実施形態例では、データ管理・最適化システムは、上記又は他のコンピュータ構造及びシステムのうちの任意のもので実行されるソフトウェアモジュールを使用して実施することができる。他の実施形態では、システムの機能は、ファームウェア、図３において参照されるようなフィールドプログラマブルゲートアレイ（ＦＰＧＡ）等のプログラマブル論理素子、システムオンチップ（ＳＯＣ）、特定用途向け集積回路（ＡＳＩＣ）、又は他の処理要素及び論理要素に部分的又は完全に実装することができる。例えば、セットプロセッサ及びオプティマイザは、図１に示すアクセラレータカード１２２等のハードウェアアクセラレータカードの使用を通してハードウェアアクセラレータと共に実装することができる。 In an example embodiment, the data management and optimization system can be implemented using software modules that execute on any of the above or other computer structures and systems. In other embodiments, the functions of the system include firmware, programmable logic elements such as field programmable gate arrays (FPGAs) as referenced in FIG. 3, system on chip (SOC), application specific integrated circuits (ASIC), Alternatively, it can be partially or fully implemented in other processing elements and logic elements. For example, the set processor and optimizer can be implemented with a hardware accelerator through the use of a hardware accelerator card such as the accelerator card 122 shown in FIG.
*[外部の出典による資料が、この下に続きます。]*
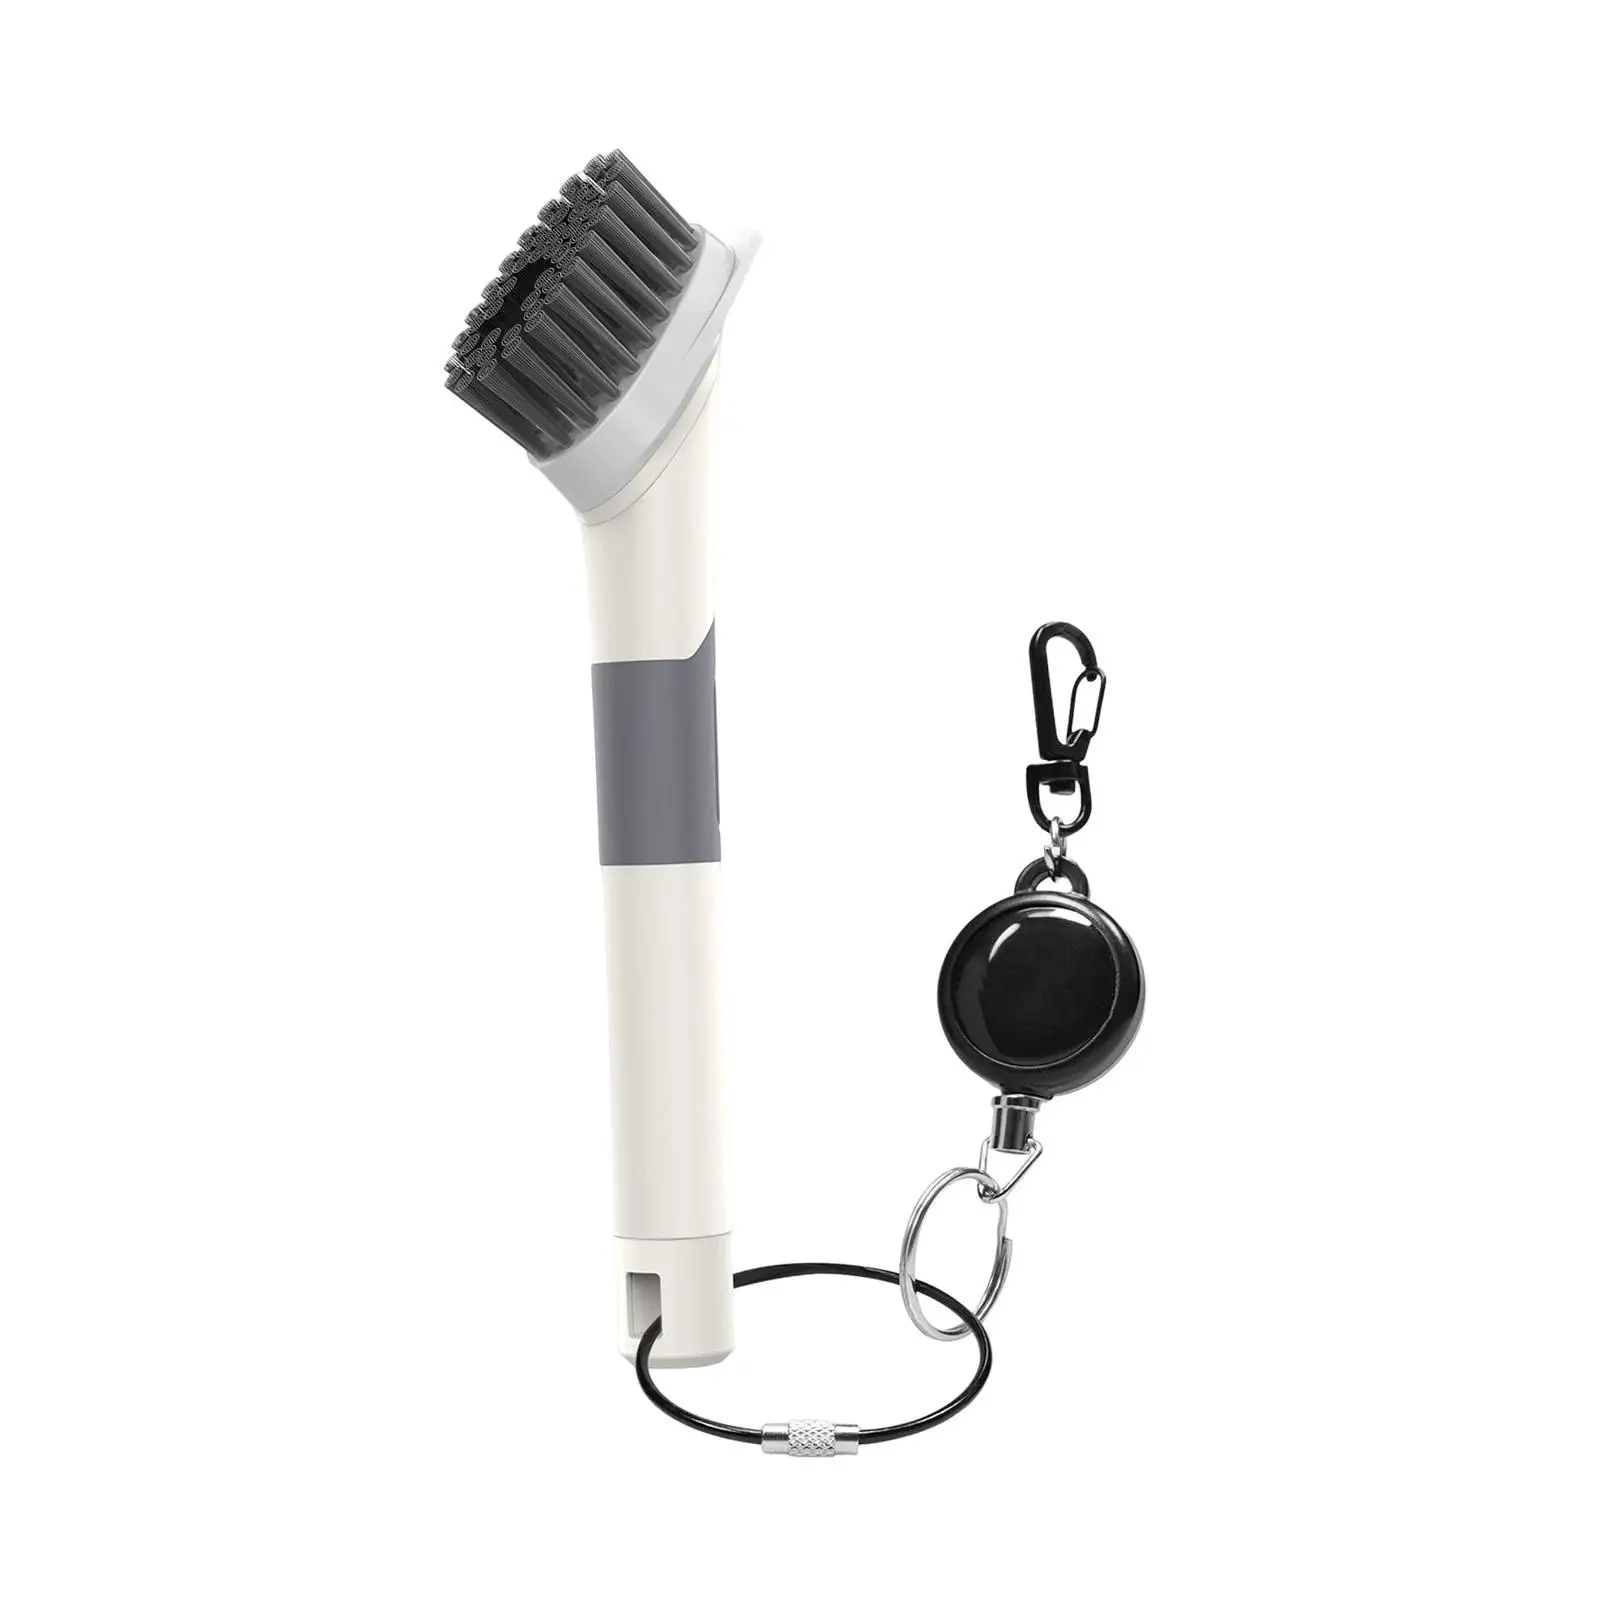 Golf Club Cleaner Cleaning Brushes Golf Tool Portable for Men Golf Gifts
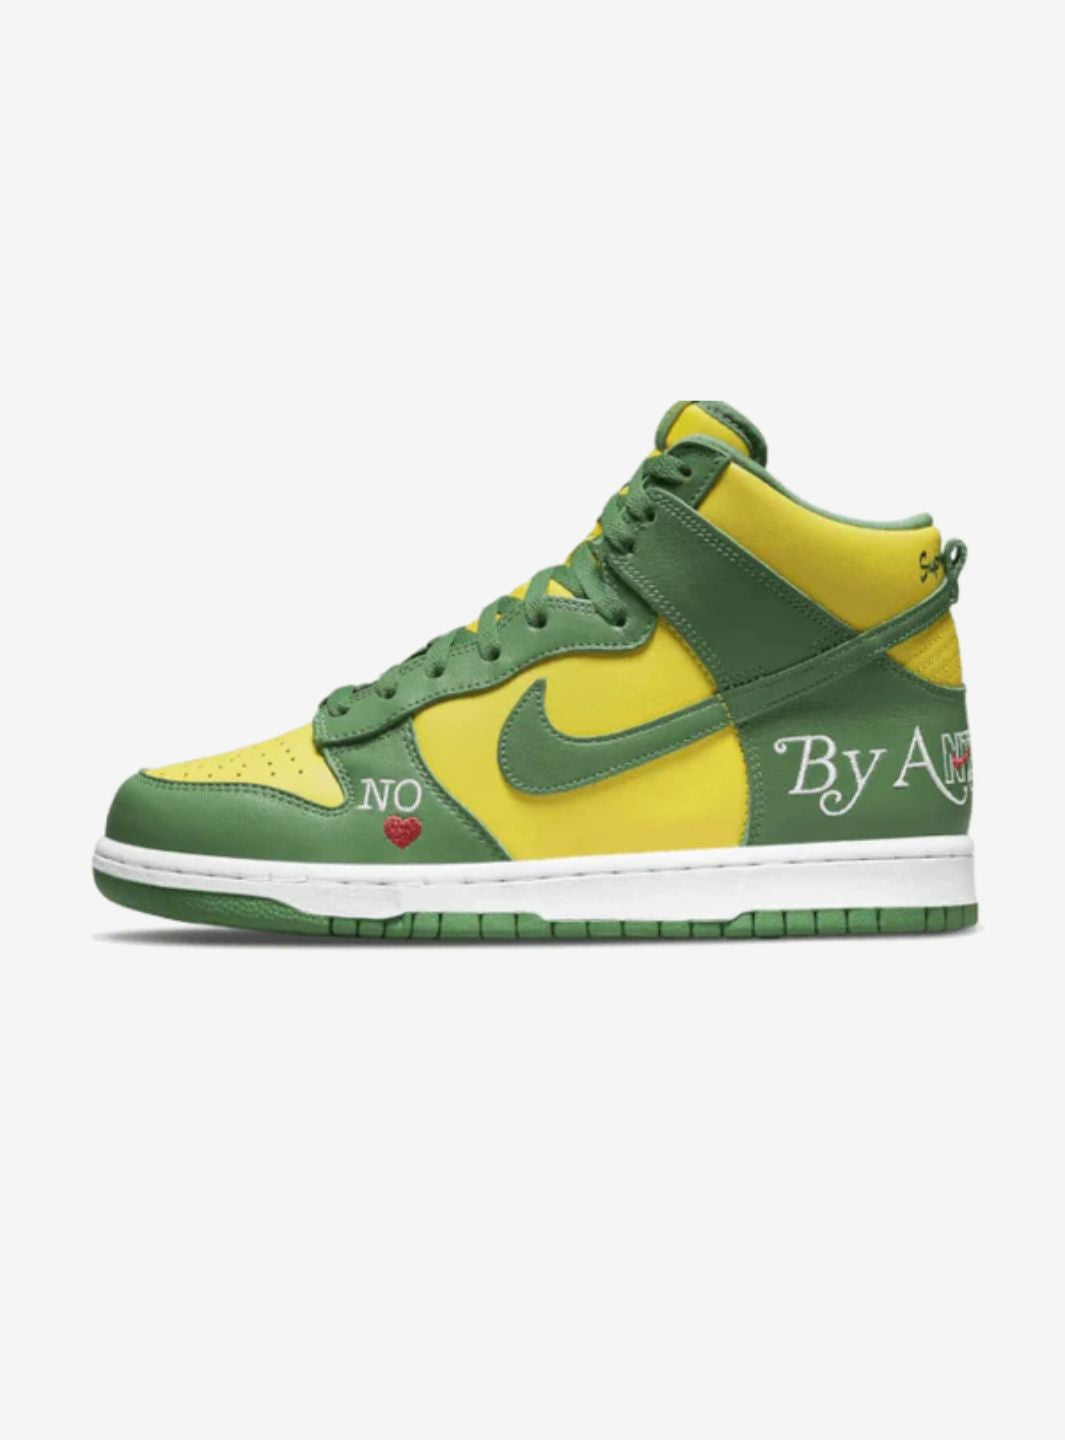 Nike SB Dunk High Supreme By Any Means Brazil - DN3741-700 | ResellZone

図４Ａは、ソフトウェアモジュール４００の論理的構造例を示すブロック図である。ソフトウェアは、コンポーネントベースであり、図４Ａに示すように特定の機能をカプセル化したモジュールに編制される。これは単なる例にすぎず、他のソフトウェア構造も同様に使用可能である。 FIG. 4A is a block diagram illustrating an example of the logical structure of the software module 400. The software is component-based and is organized into modules that encapsulate specific functions as shown in FIG. 4A. This is only an example, and other software structures can be used as well.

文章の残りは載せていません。